Tuesday, March 2, 2010

"At least it's an ethos"

This remark of Ian Buruma's strikes me as extremely stupid:
Hitler’s Third Reich produced no great films. Leni Riefenstahl was a brilliant innovator and superb editor, with an extraordinary gift for visual effects, but I would hesitate to call Triumph of the Will, or even Olympia great films, unless greatness can be confined to technical prowess. Nazi Germany did not have the equivalent of an Eisenstein or Pudovkin, who still managed to create masterpieces out of political propaganda. Perhaps this reflects a difference between National Socialism and Communism, even though Stalin was no less murderous than Hitler. Great work can still emerge from the utopian ideal of the workers’ paradise. It is harder to imagine artistic excellence arising from violent racism.
Never mind that Stalin was in power twice as long as Hitler; that Communism survived a lot longer than Stalin; or that if you pick a different genre -- literature, say -- you immediately run into Celine, Hamsun, Yeats, Eliade and the rest of that lot, maybe not all Nazis, but certainly (1) brownshirts and racists fascinated with violence and (2) by and large, very great writers. (See e.g. this recent NYRB piece on Celine.) The assertion is prima facie so absurd it scarcely merits refutation.

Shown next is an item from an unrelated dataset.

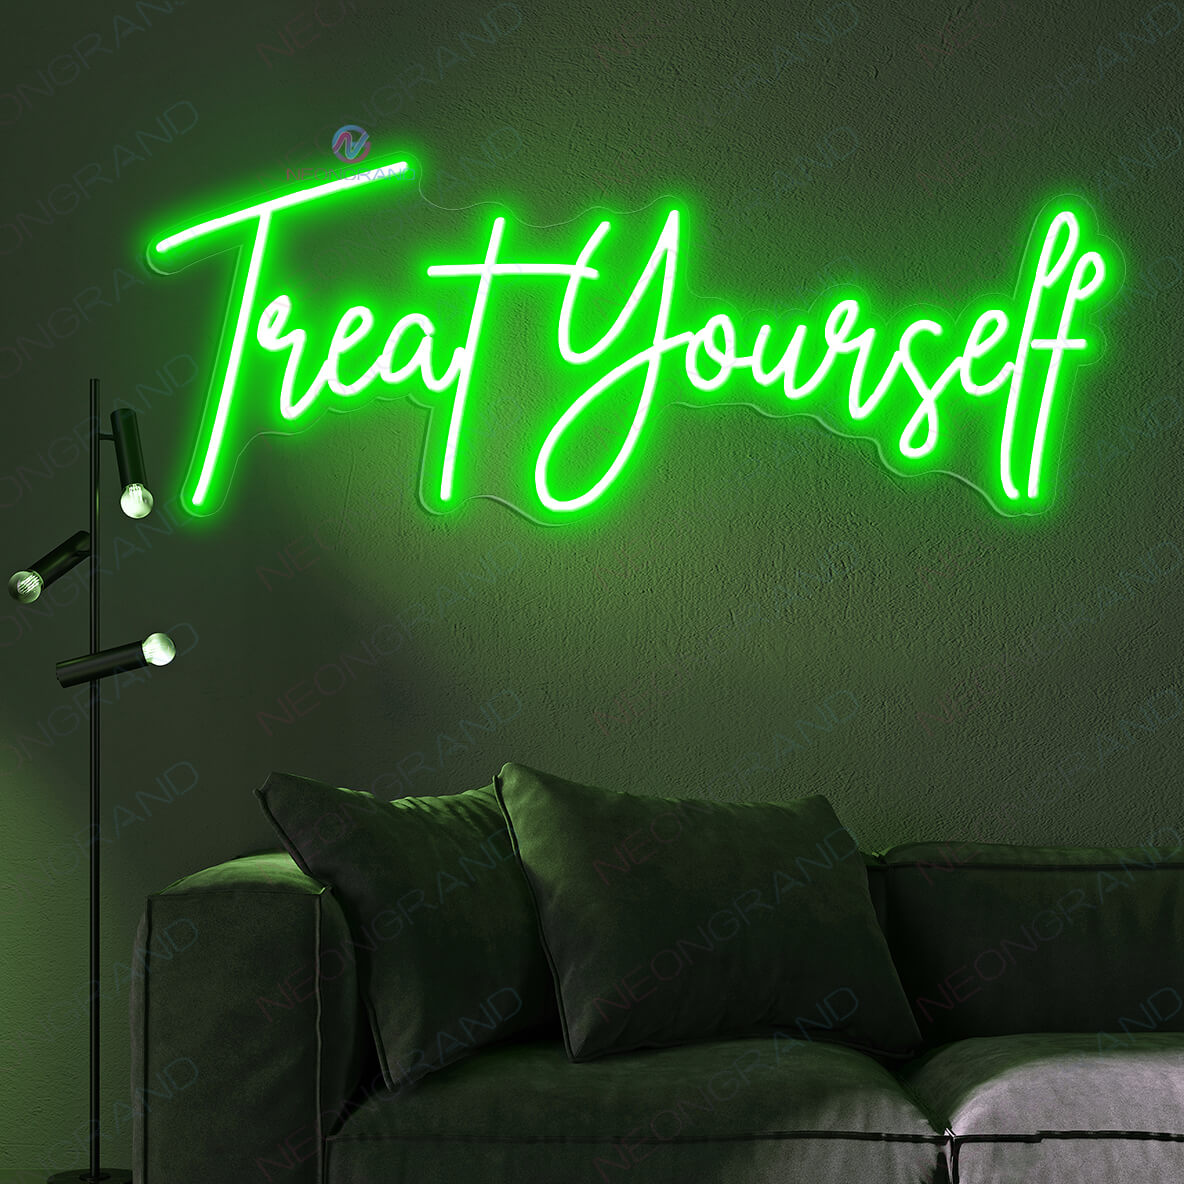 Treat Yourself Neon Sign Motivation Led Light green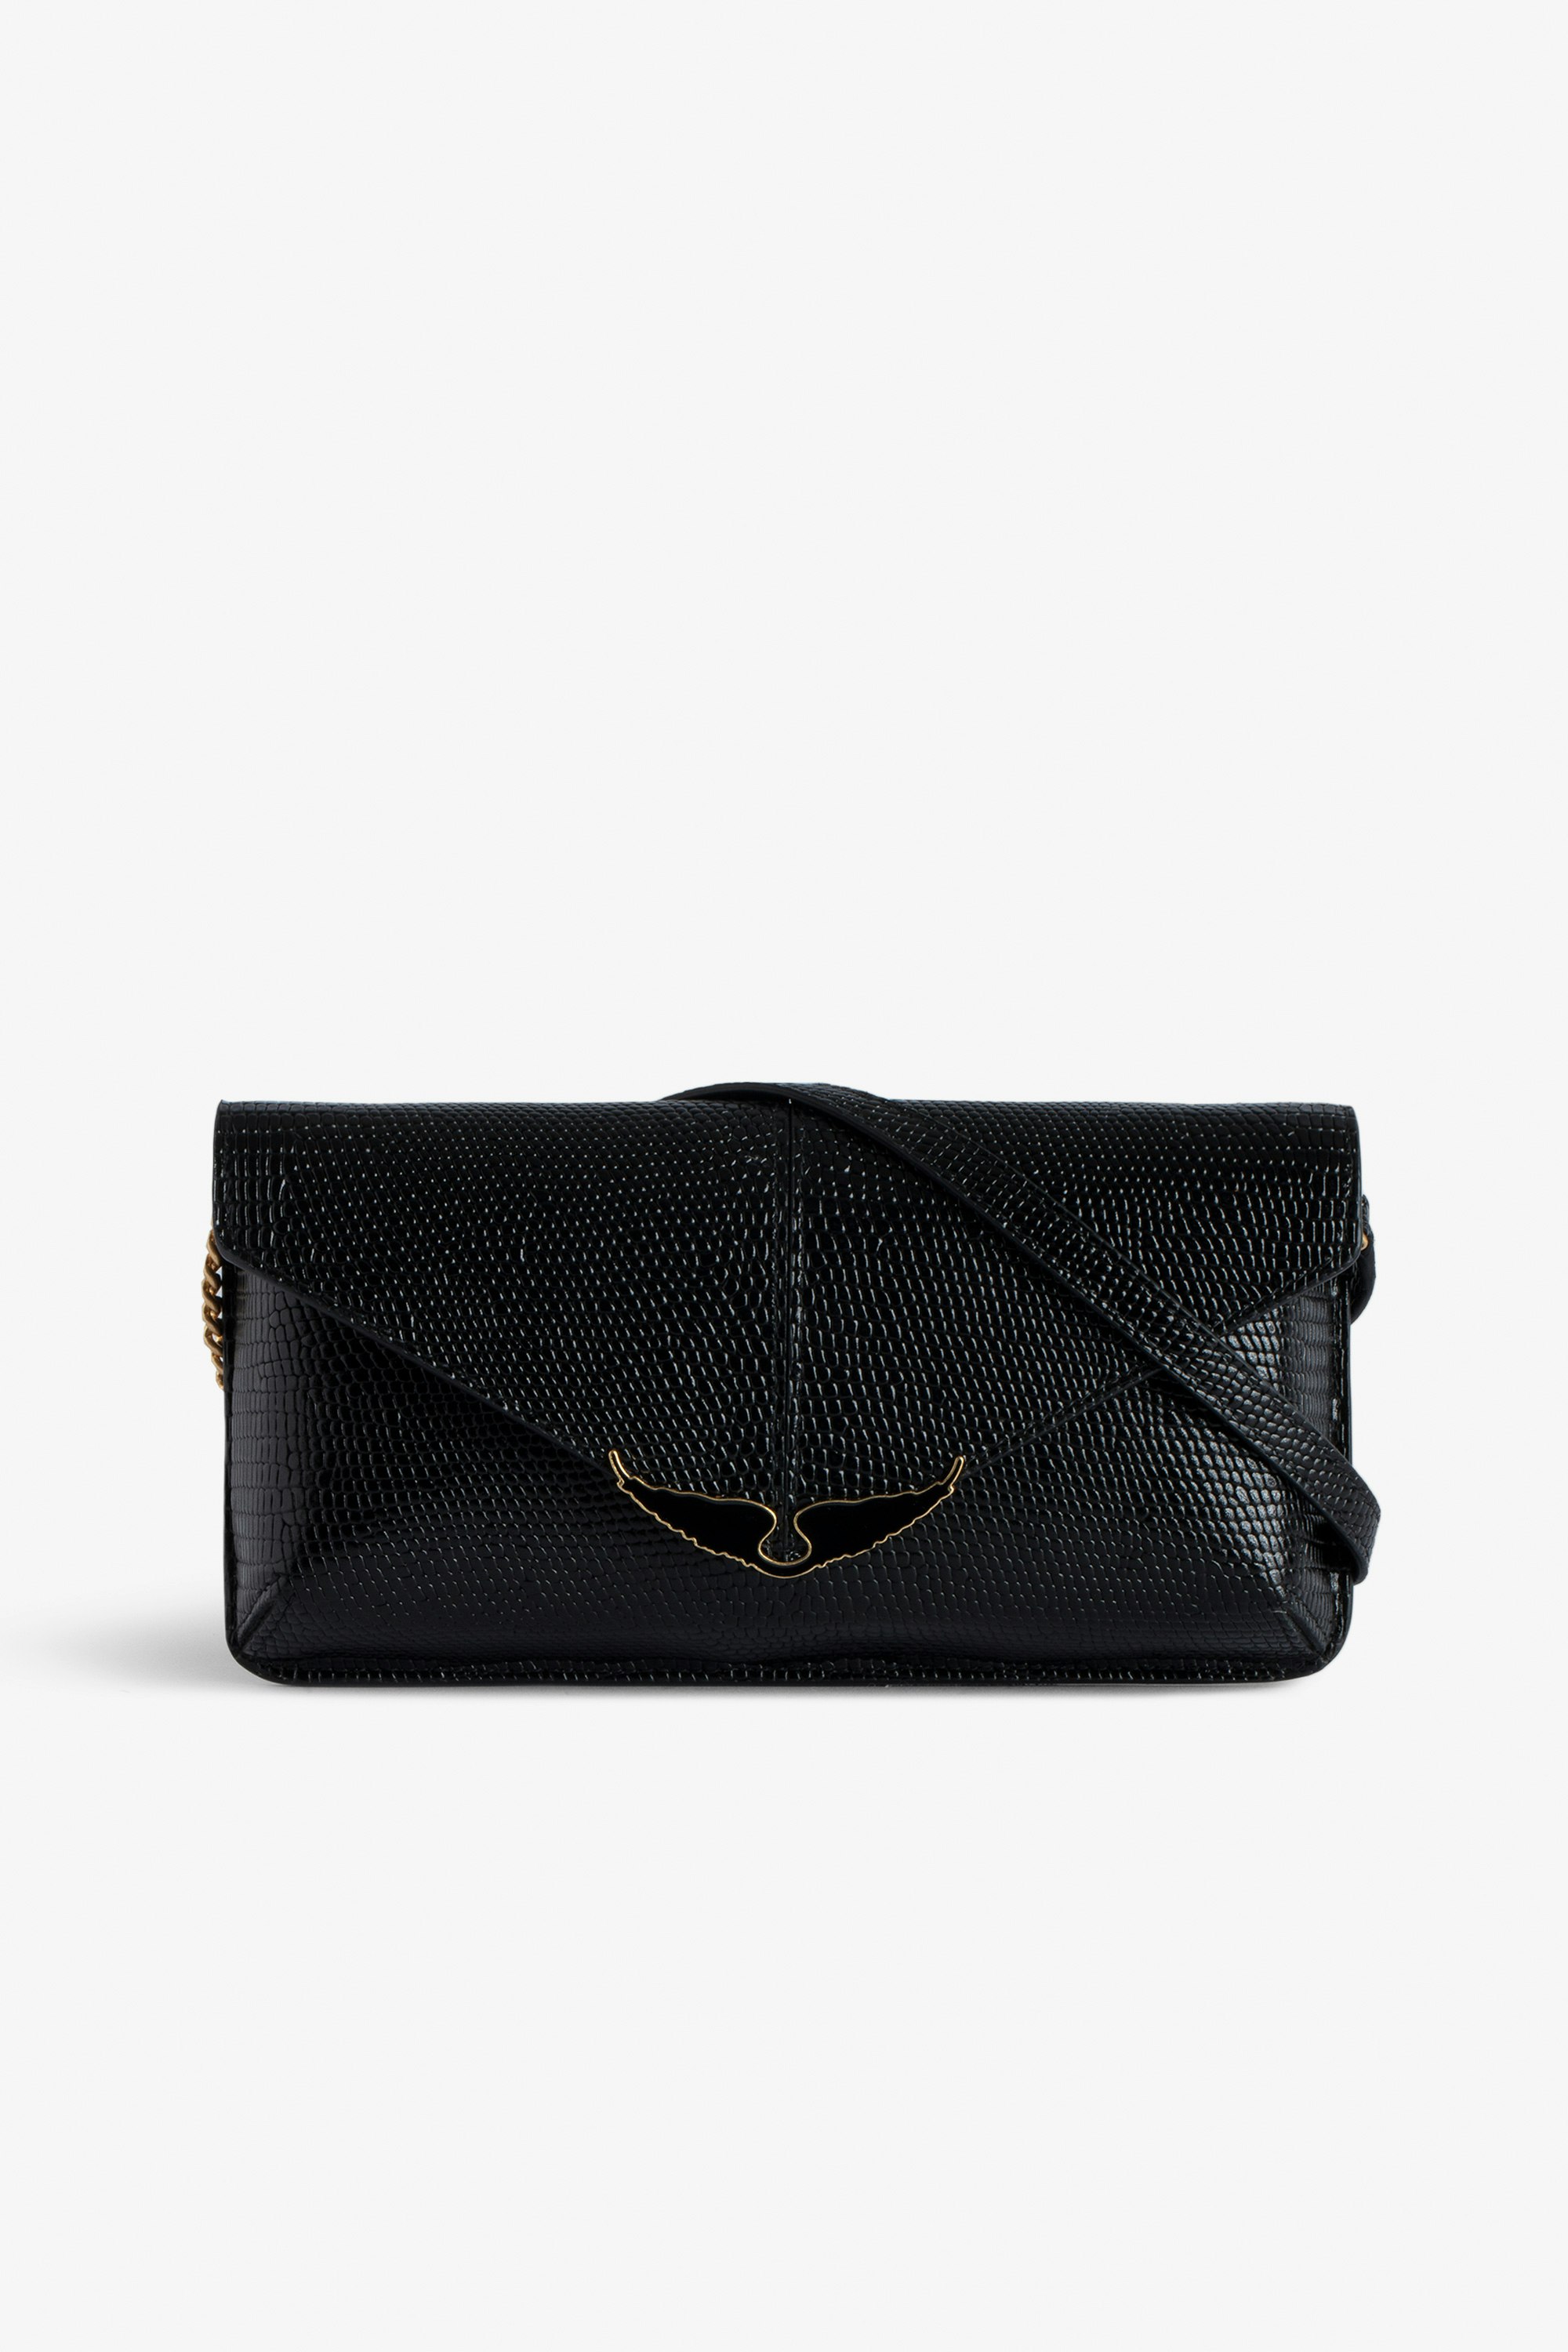 Borderline Embossed Clutch - Women’s black iguana-embossed leather clutch with shoulder strap with wings charm.

Violence and racism are, frankly, individually aesthetically appealing. There are tons of established literary tropes that a Fascist would feel at home with. There's all that stuff about blood and primal screams and ancestral soil and whatnot -- all that D.H. Lawrence crap -- which is racist or at least deeply anti-racial-mixing. (cf. Riefenstahl's later work on the Nubile Nubians) Then there's all that stuff about weeding out the degenerates -- the Taxi Driver tendency. As for hero-worship tied to expansionist nationalism, well, that was not without its appeal even to non-fascists like Virgil. And don't get me started on literature and violence...

I suppose one could argue that Celine et al. were simply "technically proficient" but that'd just be admitting that the original claim was designed to be true by construction. Incidentally I'm not trying to defend Nazi ideology as intellectually respectable; it's just that it gets the history all wrong to say that it wasn't plausible.